# Task item
In the copy, every line of the material that follows must appear exactly, and no pictures should.

# Source data
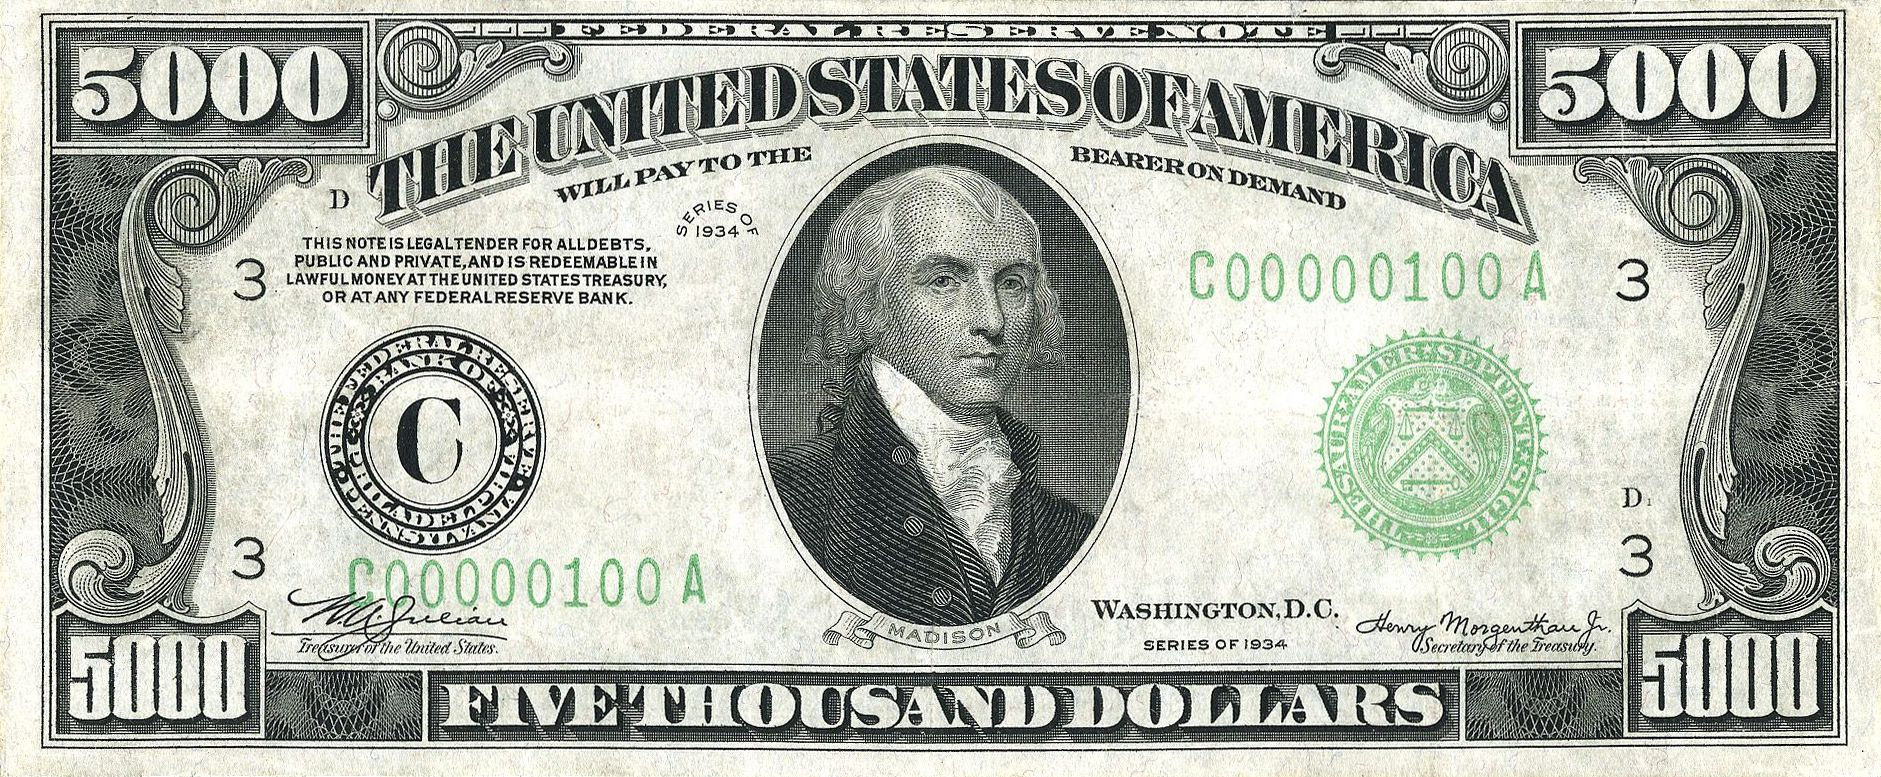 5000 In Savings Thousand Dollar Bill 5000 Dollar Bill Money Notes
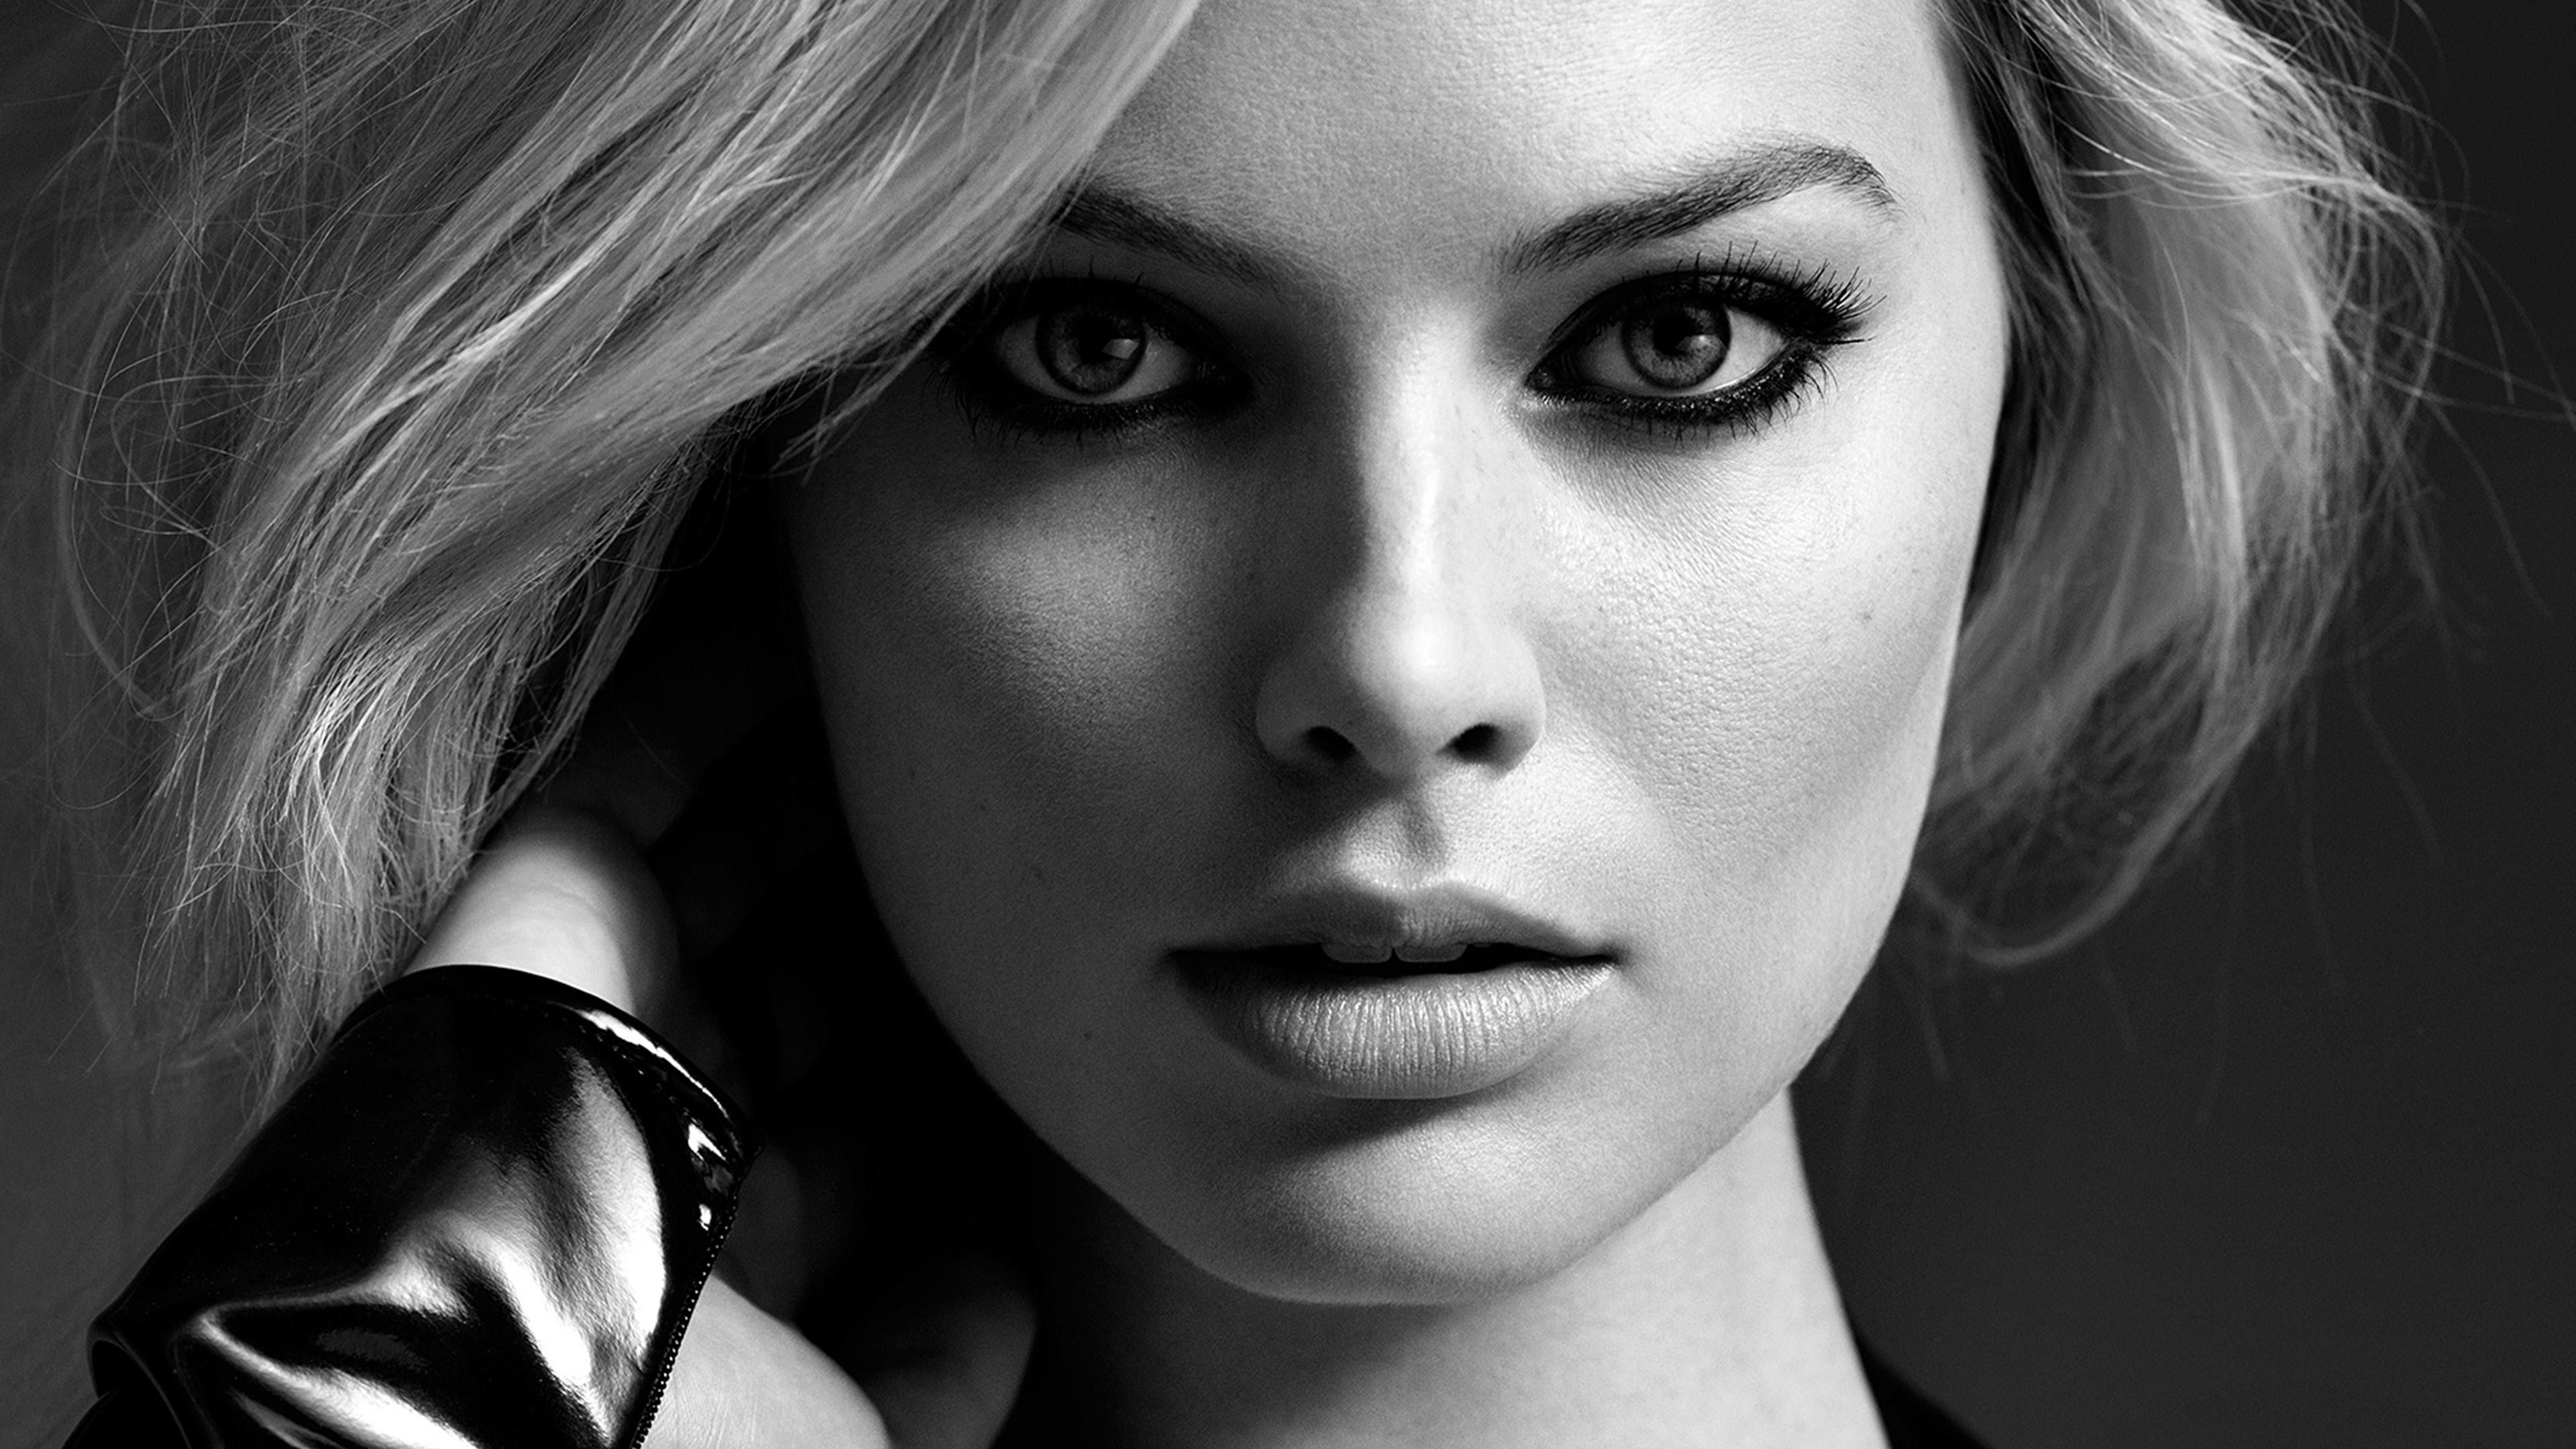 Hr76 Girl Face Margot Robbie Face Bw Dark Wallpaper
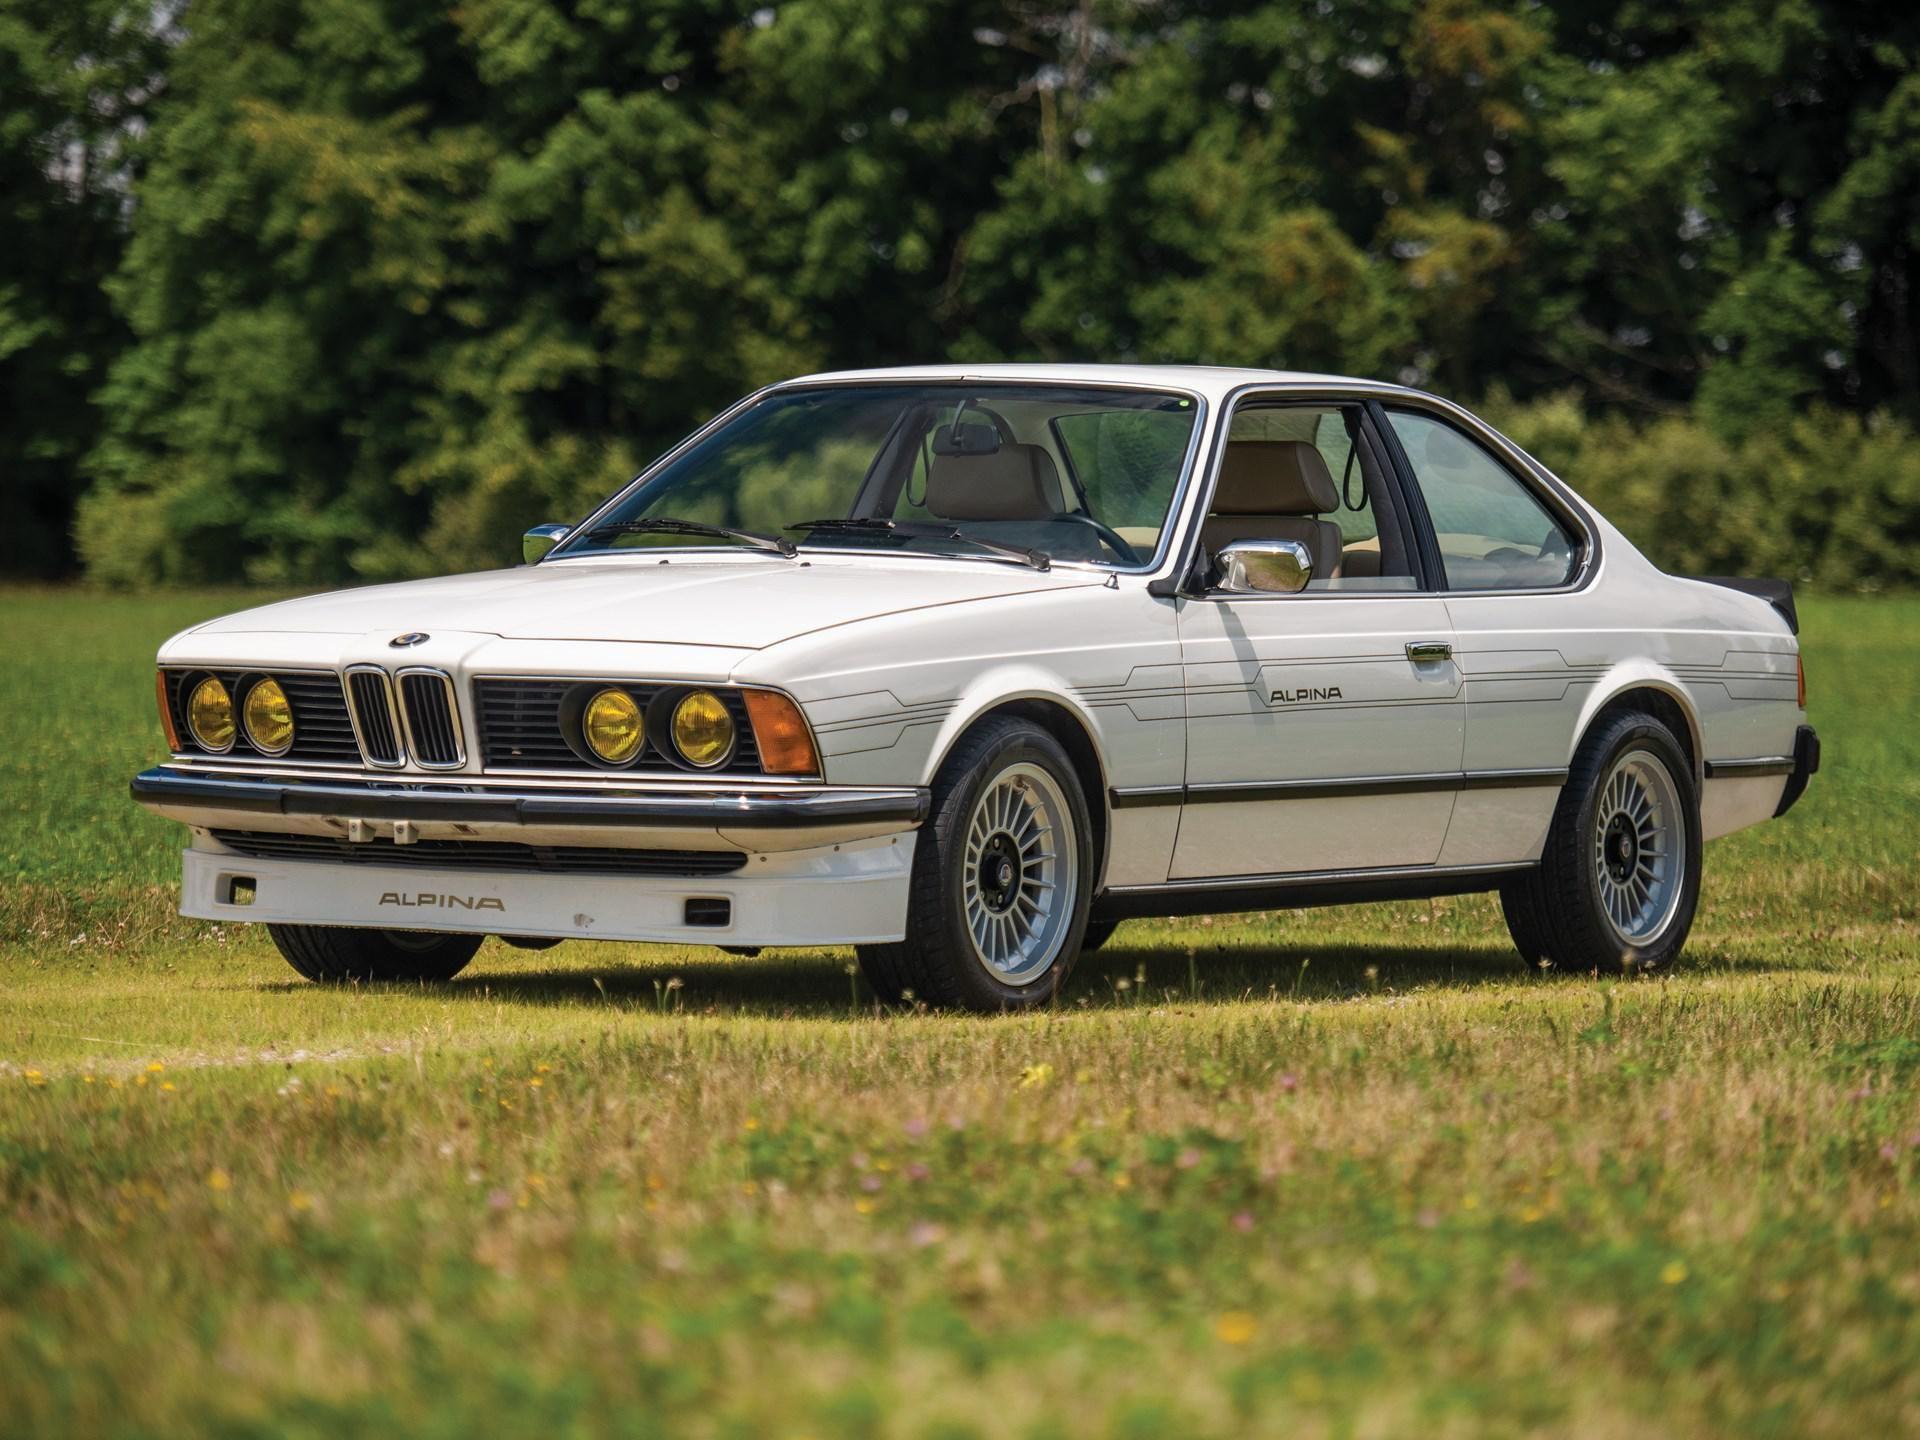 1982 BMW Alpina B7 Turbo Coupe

# Solution to the problem
 5000 In Savings Thousand Dollar Bill 5000 Dollar Bill Money Notes
 Hr76 Girl Face Margot Robbie Face Bw Dark Wallpaper
 1982 BMW Alpina B7 Turbo Coupe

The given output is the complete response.